3.5. Subgroup analysis after PSM

Subgroup analysis was performed on different types of vascular invasions, and the results showed that the survival time of patients with RT in Code 630 and Code 660 subgroup was significantly longer than that in the untreated group (P < 0.001 and P = 0.026, respectively). The survival rate of patients in the Code 635 group was not significantly affected by RT, but the median survival time was 6 months (95% CI: 4.36‐7.64) in the radiation‐treated group, which was longer than 4 months (95% CI: 2.5‐5.5) in the untreated group (P = 0.079, Figure 3).

Kaplan‐Meier overall survival curves of radiation‐treated patients vs control after propensity score matching stratified by type of vascular invasion, Code 630 (A), Code 635 (B) and Code 660 (C)

After PSM, marital status, race, and tumor size still demonstrated group differences, and so further subgroup analysis was performed. Overall survival in radiation‐treated patients after PSM were significantly longer than untreated patients according to subgroup analysis of race white, black, and others (P < 0.001, P = 0.002 and P = 0.008, respectively, Figure 4).

Kaplan‐Meier overall survival curves of radiation‐treated patients vs control after propensity score matching stratified by race white (A), black (B) and other (C)

In the marital status subgroup, the survival rate of married patients with RT was significantly higher than that in the untreated group (P < 0.001). The survival rate of single and unmarried group patients with RT was significantly higher than that in the untreated group (P < 0.001). Although there was no significant difference in the survival rate among the widowed, divorced, and the separated group (P = 0.066), the median survival time was 7 months (95% CI: 4.267‐9.733) in the RT group, which was higher than 5 months (95% CI: 2.802‐7.198) in the untreated group (Figure 5).

Kaplan‐Meier overall survival curves of radiation‐treated patients vs control after propensity score matching stratified by Marital status married (A), single and unmarried (B), widowed, divorced, separated (C)

Overall survival of radiation‐treated patients vs control after PSM stratification by tumor size was performed. Patients with tumor size <1 cm did not undergo RT, and so there was no participation in the stratification. According to subgroup analysis, the survival rate of patients with tumor size 1‐3 cm and >5 cm was significantly higher than that of untreated patients (P = 0.003 and P < 0.001, respectively). There was no significant difference in the survival rate between 3 and 5 cm group of patients, but the median survival was 7 months (95% CI: 1.404‐12.596) in the radiation‐treated patients, which was longer than 5 months (95% CI: 3.233‐6.767) in the untreated patients (Figure 6).

Kaplan‐Meier overall survival curves of radiation‐treated patients vs control after propensity score matching stratified by type of tumor size 1‐3 cm (A), 3‐5 cm (B) and >5 cm (C)

3.6. Survival benefits of different RT modality

The modality of RT in this article included beam radiation, radioactive implants, radioisotopes, combination of beam with implants or isotopes, and other radiation methods or source not specified. Compared with untreated group, the results showed that the treated group patients with beam radiation, radioactive implants, radioisotopes or other radiation methods or sources not specified had better survival rate before and after PSM and the differences were statistically significant. The radiation combination of beam with implants or isotopes showed no statistical differences (Figure 7). However, there were only three patients who were treated with combination of beam and implants or isotopes. Because of the small sample size, further study is required to confirm these results.

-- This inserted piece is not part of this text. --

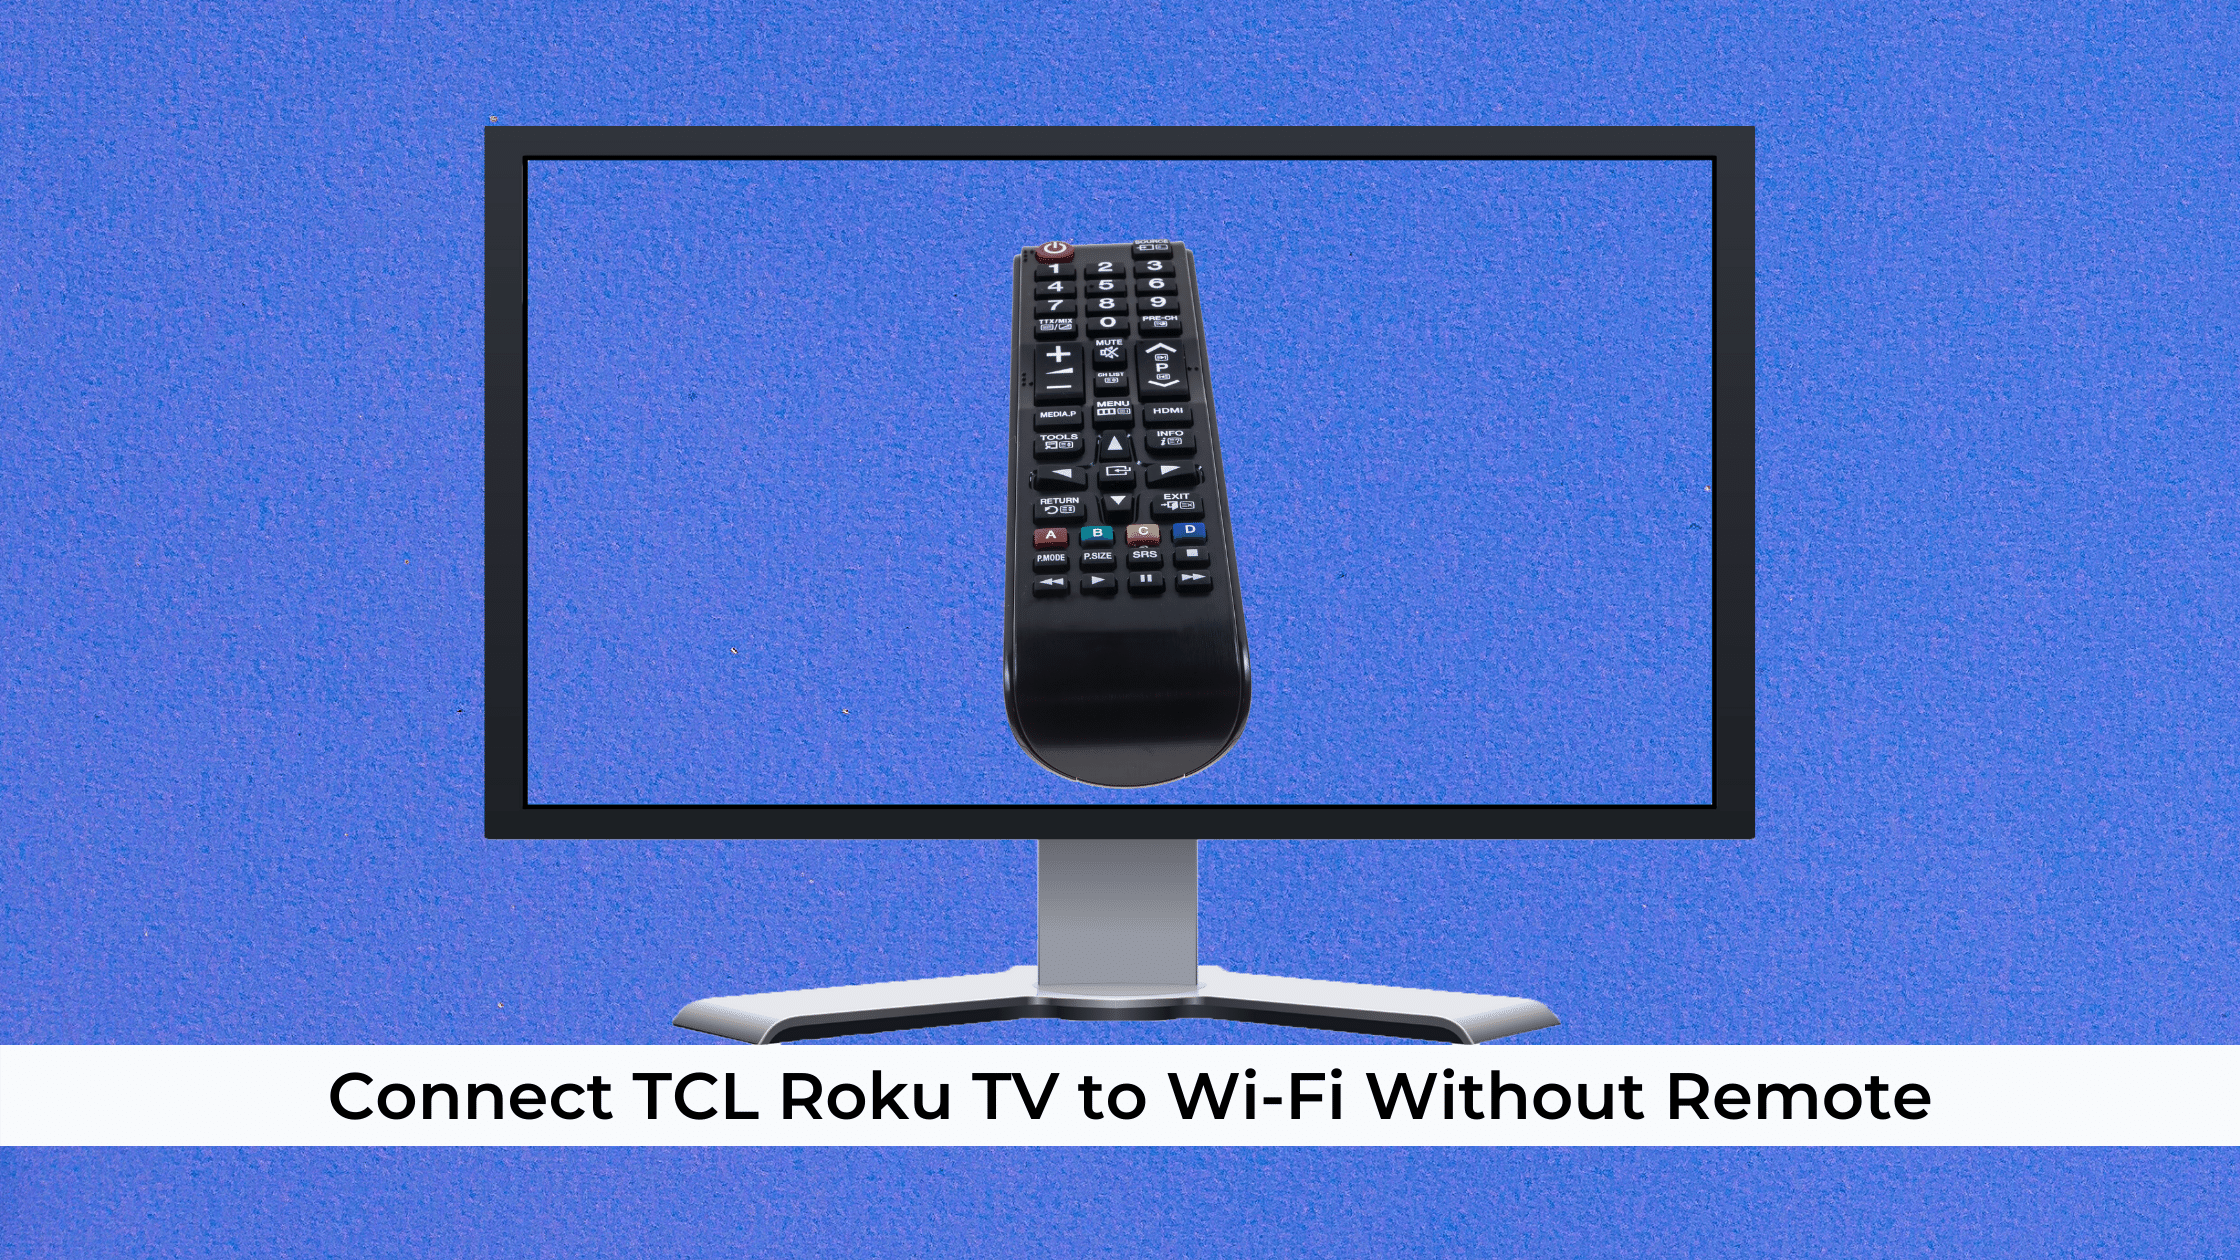 How To Connect TCL Roku TV to Wi-Fi Without Remote
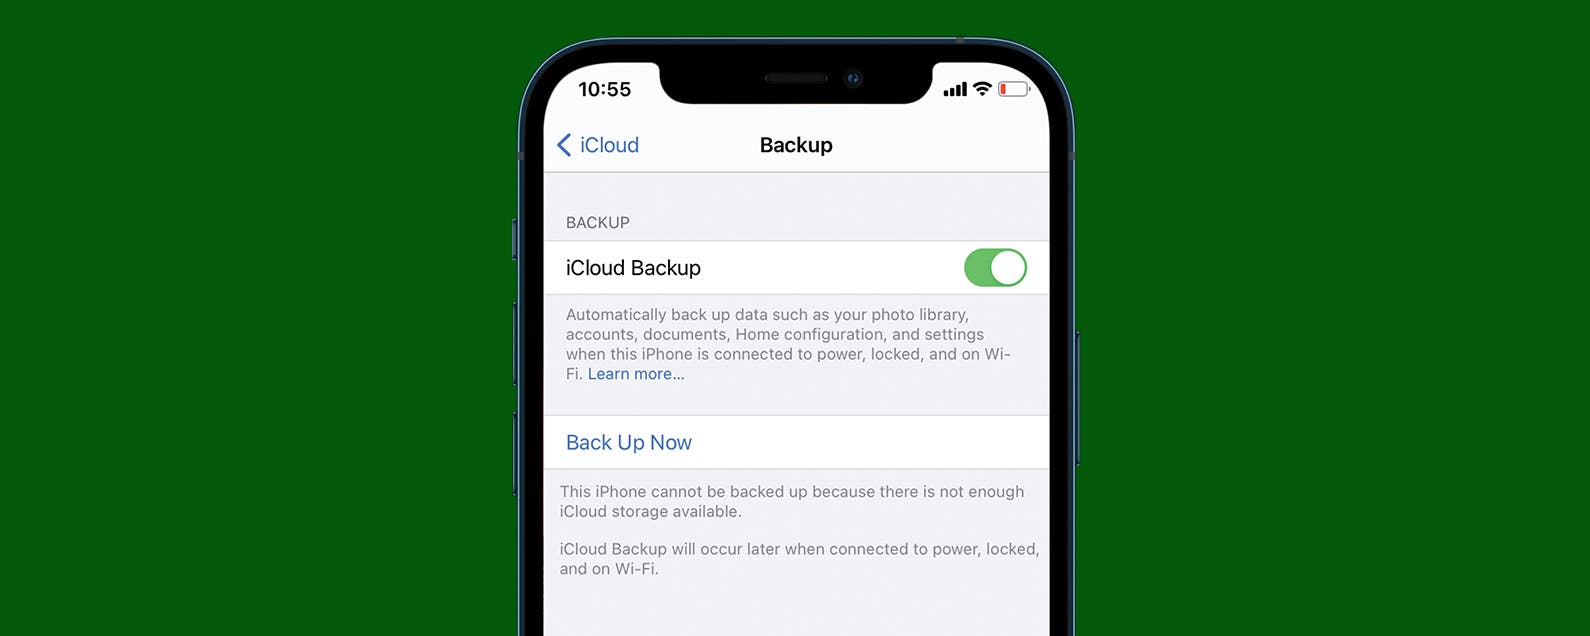 How to Back Up iPhone to iCloud

Kaplan‐Meier overall survival curves of different radiotherapy methods treated patients vs control (A) before and (B) after propensity score matching. 0 = Control; 11 = Beam radiation; 12 = Radioactive implants; 13 = Radioisotopes; 14 = Combination of beam with implants or isotopes; 15 = Radiation, NOS method or source not specified

4. DISCUSSION

The study showed that the prognosis of HCC patients associated with major vascular invasion was extremely dismal and the median survival time was very short, which was only 3 months in the untreated group. This result was consistent with most of the previous reports.6, 23, 24 Because of low tolerance to whole liver irradiation and concerns about radiation‐induced liver disease (RILD),25, 26 RT had been used less. Due to the improvement in RT technology and the application of computed tomography over the past decade, radiation can be precisely delivered, and the incidence of RILD can be significantly lowered than before, that is, within the range of acceptable adverse reactions.27

The vascular invasion in this article included major branch(es) of portal or hepatic vein(s) and hepatic artery or vena cava. We performed subgroup stratification analysis of vascular invasion. With vascular invasion of codes 630 and 660, the survival rate of patients who underwent RT was significantly improved compared with those of untreated patients. Although there was no significant improvement in the survival of patients in code 635, the median survival time was higher than that of the untreated patients. Vascular invasion of code 635 involves multiple nodules in more than one lobe of liver or on surface of parenchyma. Extent of primary lesion and the location of the lesions also affected the effect of RT.28, 29 Therefore, vascular invasion codes 630 and 635 are different in this article, because their lesions are different in scope and location, and have an effect on the assessment of RT. For code 635, systemic treatment may be more appropriate, and hence requires more researches to investigate.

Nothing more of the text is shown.